What is expected
Wherever a picture appears, leave it out, and transcribe the rest of the records exactly.

Supplied data
--------------------------------
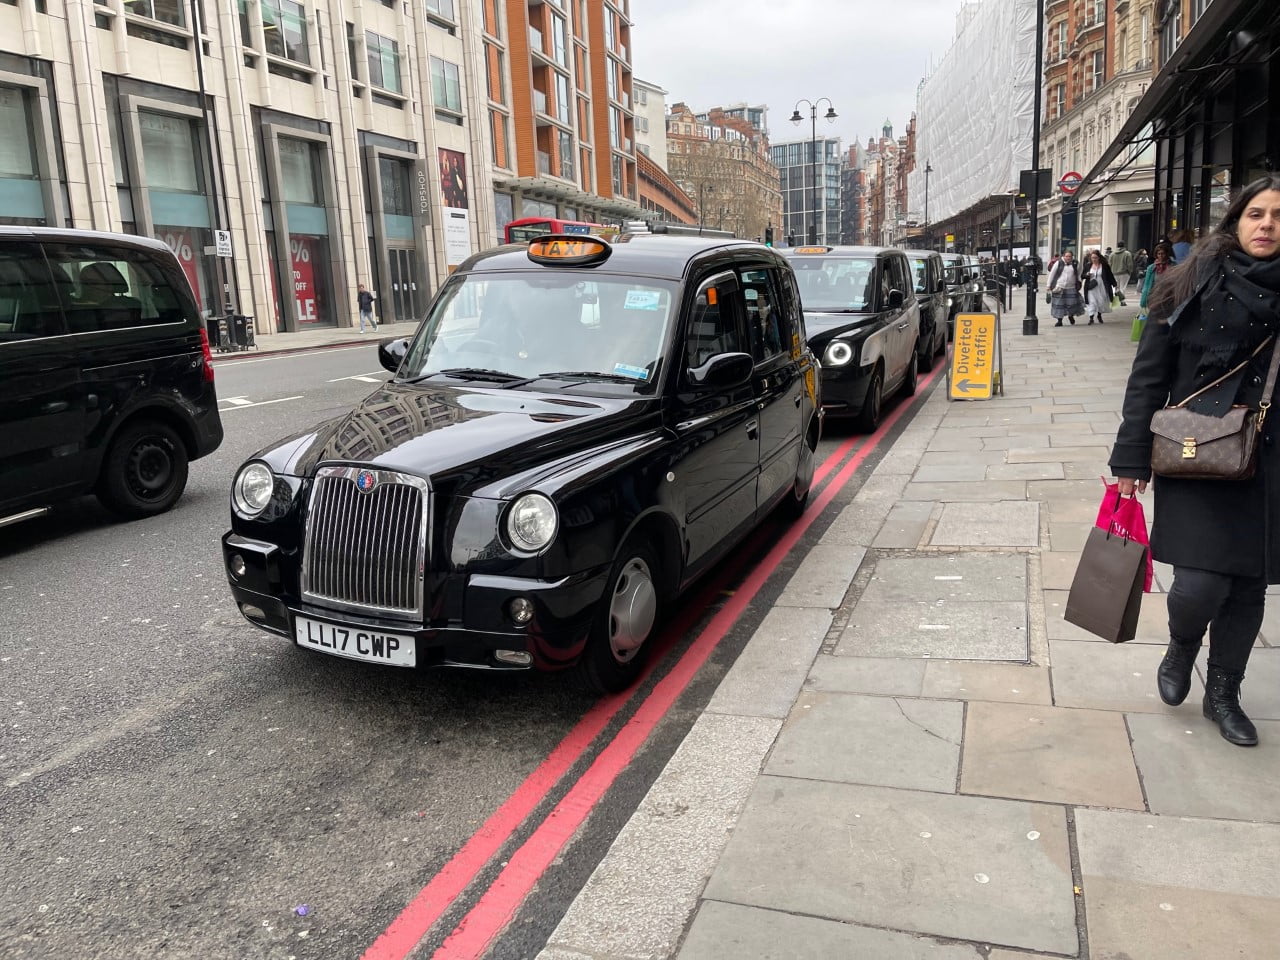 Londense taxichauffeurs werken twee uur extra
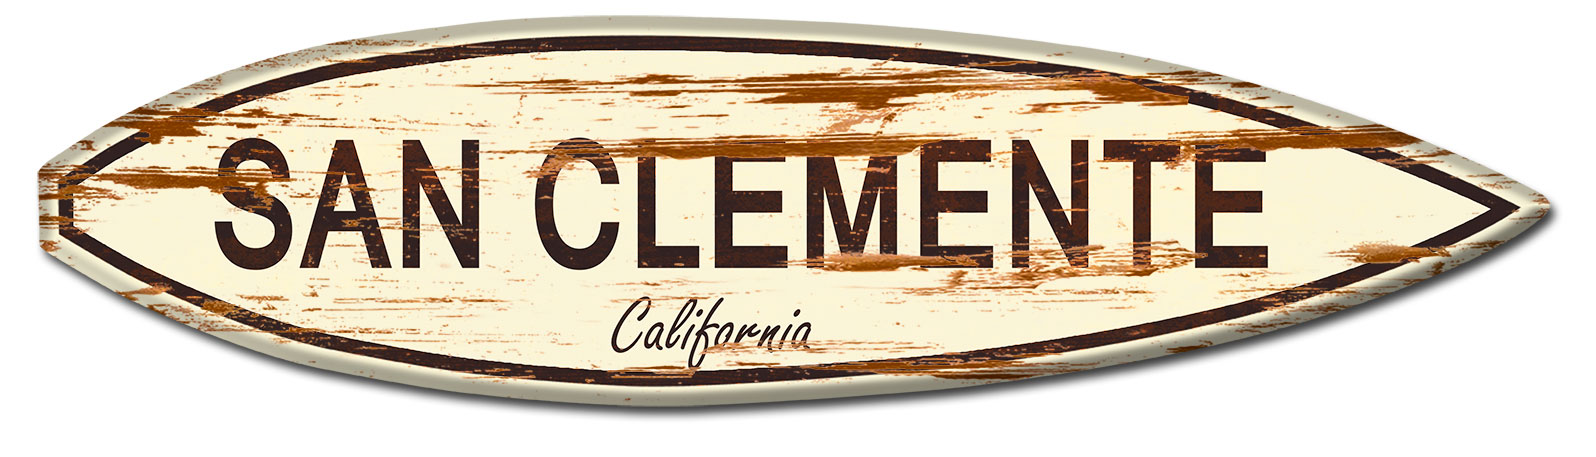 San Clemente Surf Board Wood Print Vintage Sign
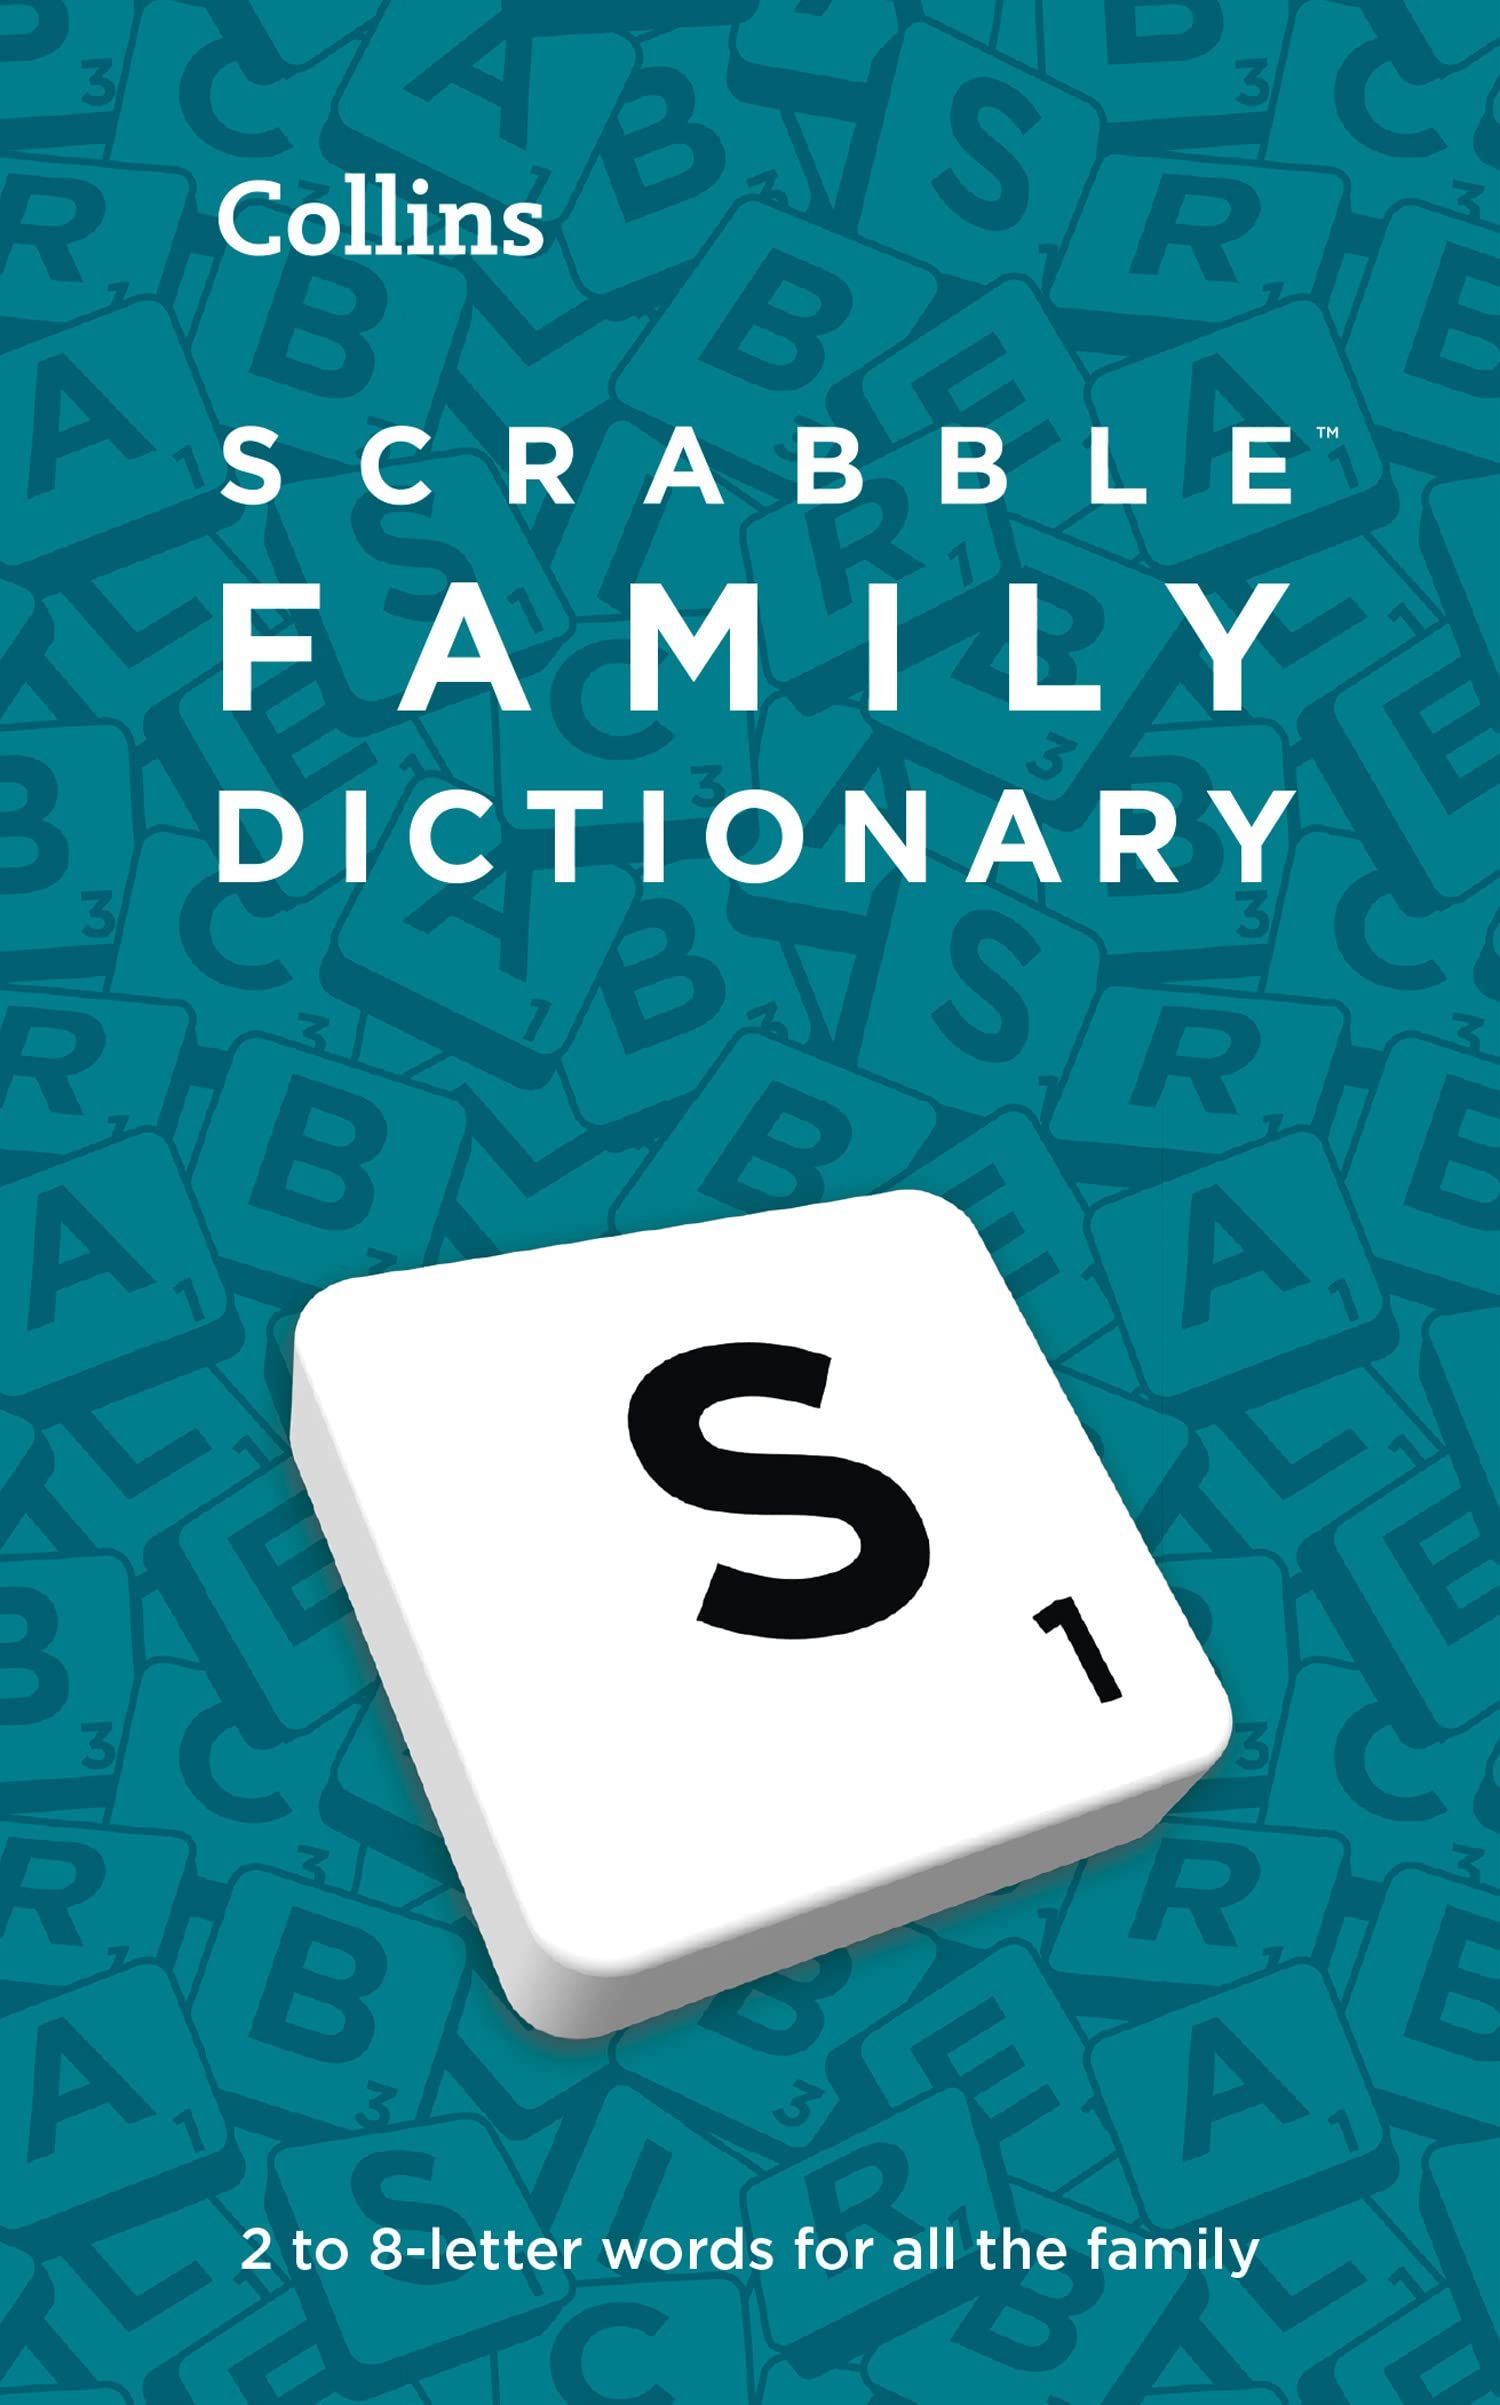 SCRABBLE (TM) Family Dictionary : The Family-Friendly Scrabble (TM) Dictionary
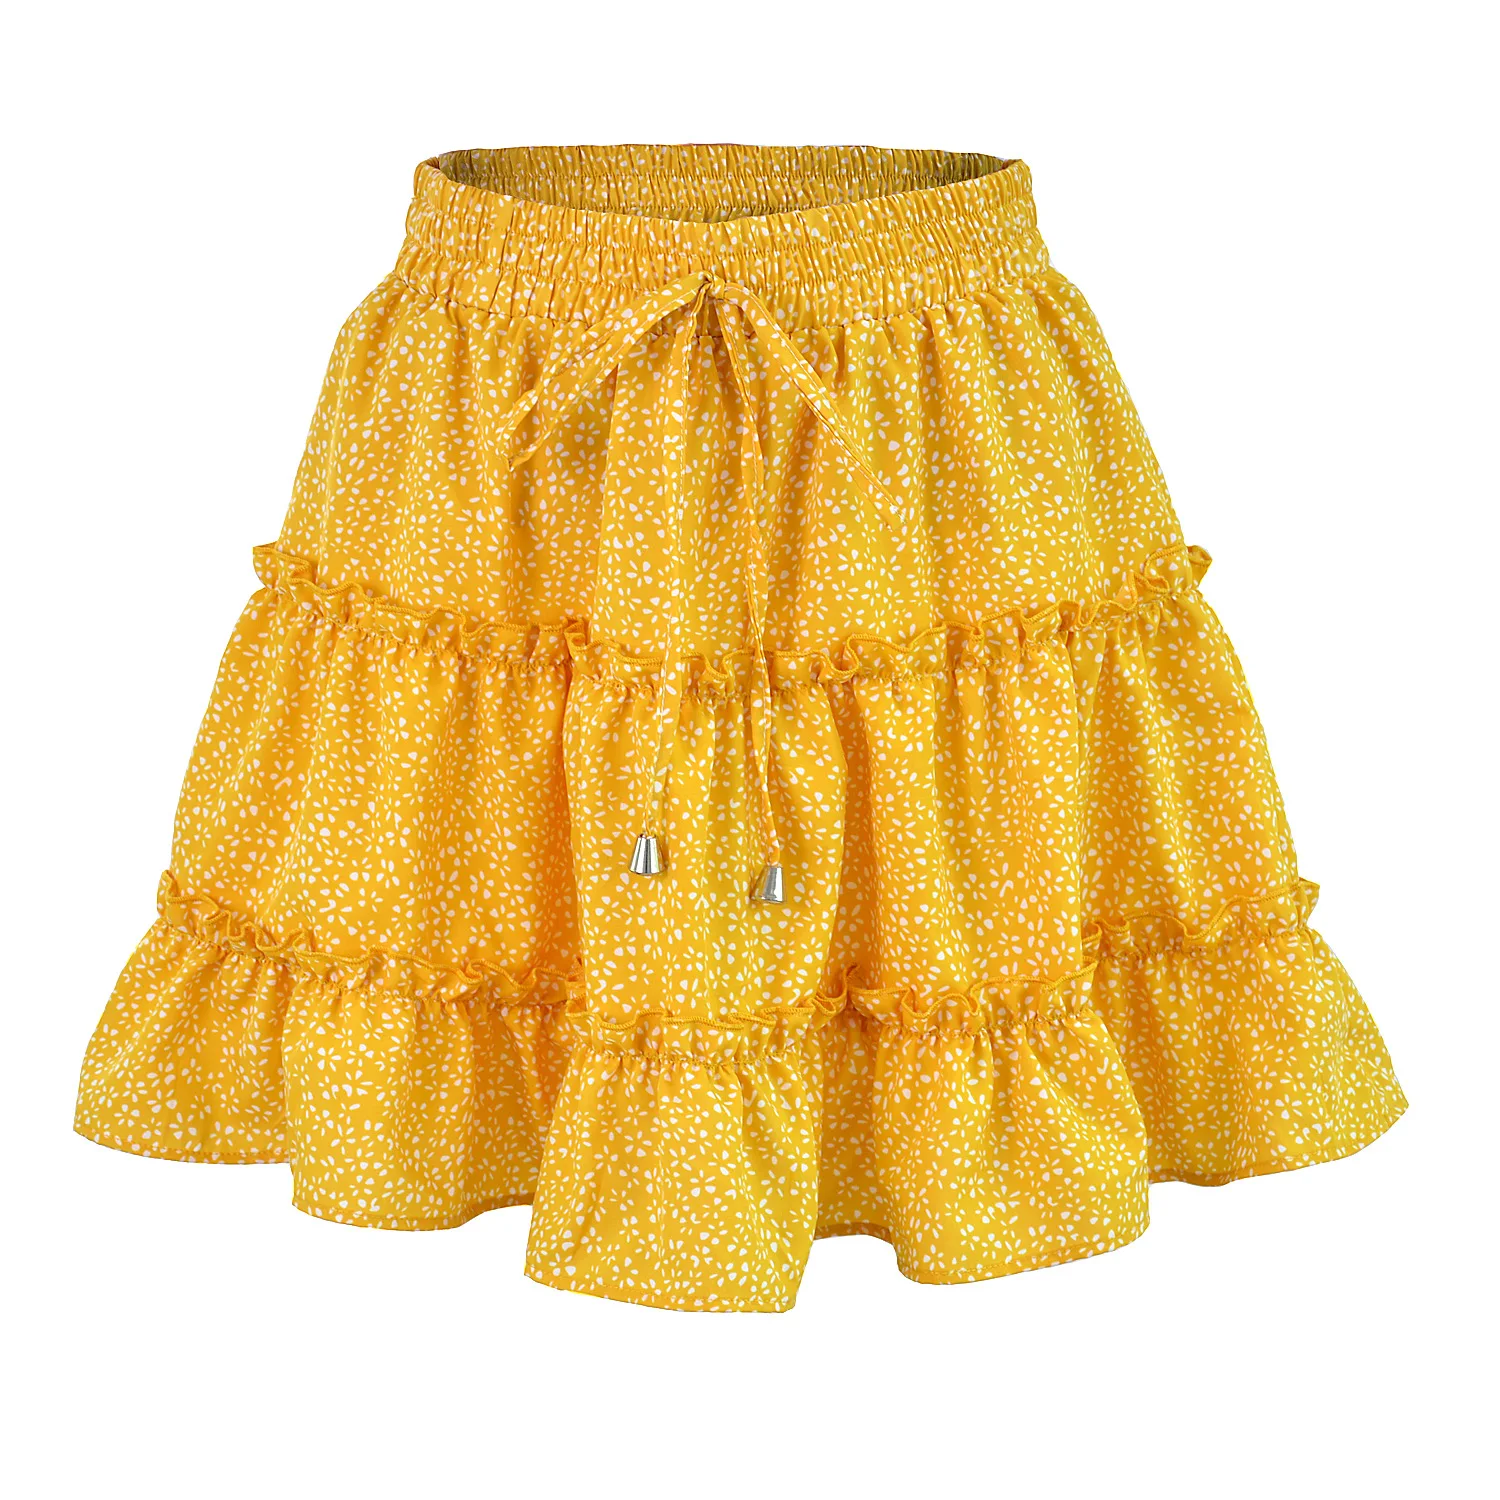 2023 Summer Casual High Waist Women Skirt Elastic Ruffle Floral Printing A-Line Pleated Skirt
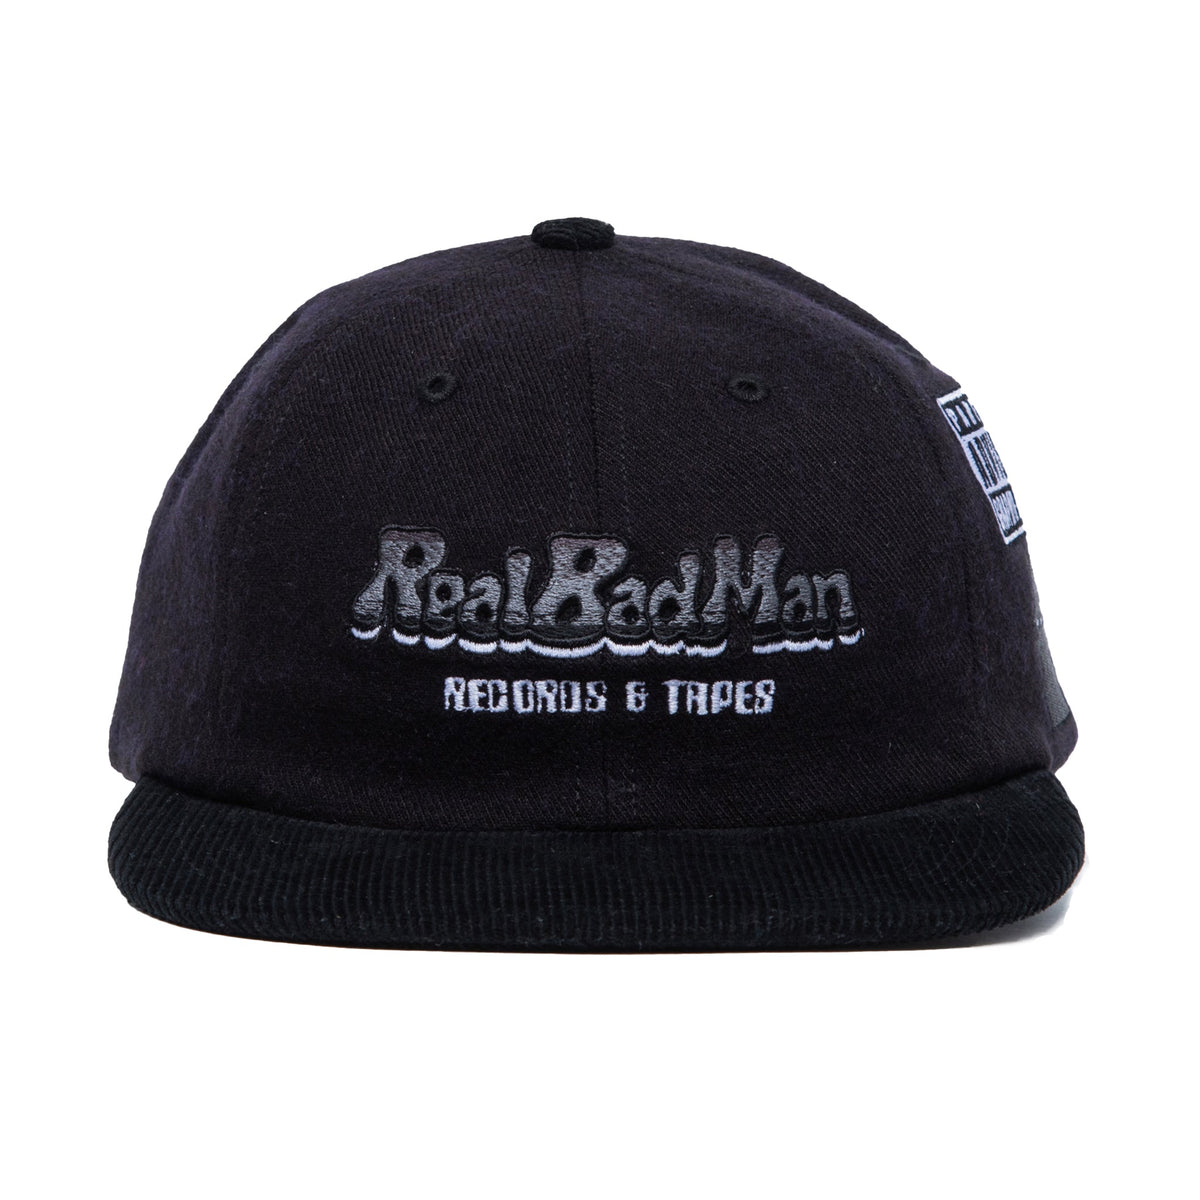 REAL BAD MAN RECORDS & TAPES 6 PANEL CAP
--------------------------------
Response to the exercise
 Londense taxichauffeurs werken twee uur extra
 San Clemente Surf Board Wood Print Vintage Sign
 SCRABBLE (TM) Family Dictionary : The Family-Friendly Scrabble (TM) Dictionary
 2023 Summer Casual High Waist Women Skirt Elastic Ruffle Floral Printing A-Line Pleated Skirt
 REAL BAD MAN RECORDS & TAPES 6 PANEL CAP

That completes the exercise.